Pareto Probing: Trading Off Accuracy for Complexity
- URL: http://arxiv.org/abs/2010.02180v3
- Date: Mon, 4 Dec 2023 12:23:52 GMT
- Title: Pareto Probing: Trading Off Accuracy for Complexity
- Authors: Tiago Pimentel, Naomi Saphra, Adina Williams, Ryan Cotterell
- Abstract summary: We argue for a probe metric that reflects the fundamental trade-off between probe complexity and performance.
Our experiments with dependency parsing reveal a wide gap in syntactic knowledge between contextual and non-contextual representations.

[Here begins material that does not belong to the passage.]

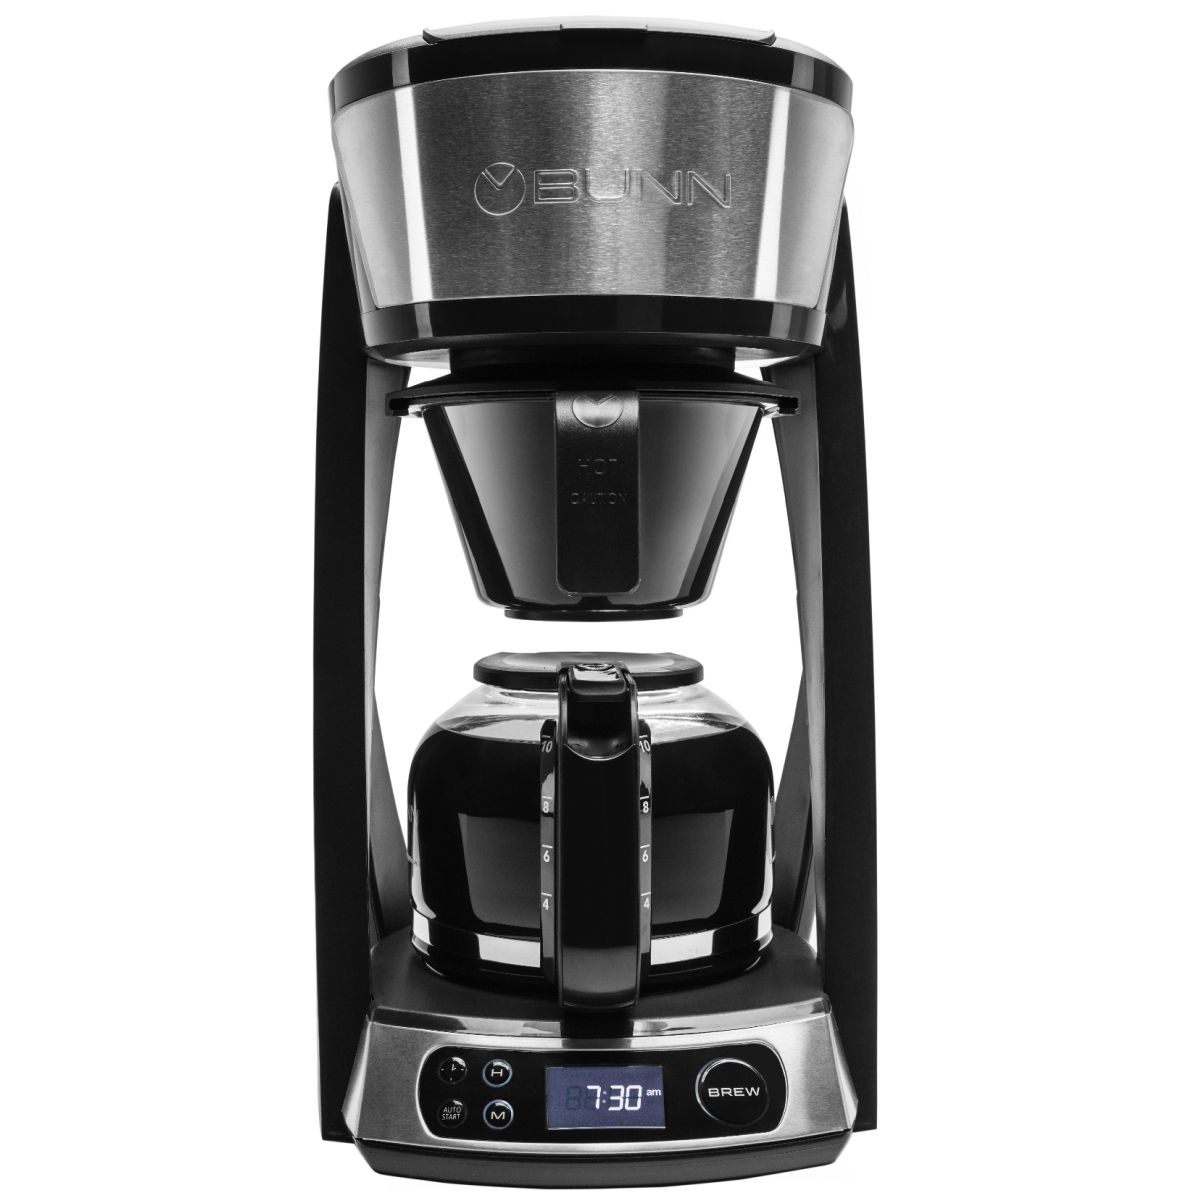 BUNN HB Heat N' Brew 10-Cup Programmable Coffee Maker 46500.0003

- Score: 87.09294772742737
- License: http://arxiv.org/licenses/nonexclusive-distrib/1.0/
- Abstract: The question of how to probe contextual word representations for linguistic
structure in a way that is both principled and useful has seen significant
attention recently in the NLP literature. In our contribution to this
discussion, we argue for a probe metric that reflects the fundamental trade-off
between probe complexity and performance: the Pareto hypervolume. To measure
complexity, we present a number of parametric and non-parametric metrics. Our
experiments using Pareto hypervolume as an evaluation metric show that probes
often do not conform to our expectations -- e.g., why should the non-contextual
fastText representations encode more morpho-syntactic information than the
contextual BERT representations? These results suggest that common, simplistic
probing tasks, such as part-of-speech labeling and dependency arc labeling, are
inadequate to evaluate the linguistic structure encoded in contextual word
representations. This leads us to propose full dependency parsing as a probing
task. In support of our suggestion that harder probing tasks are necessary, our
experiments with dependency parsing reveal a wide gap in syntactic knowledge
between contextual and non-contextual representations.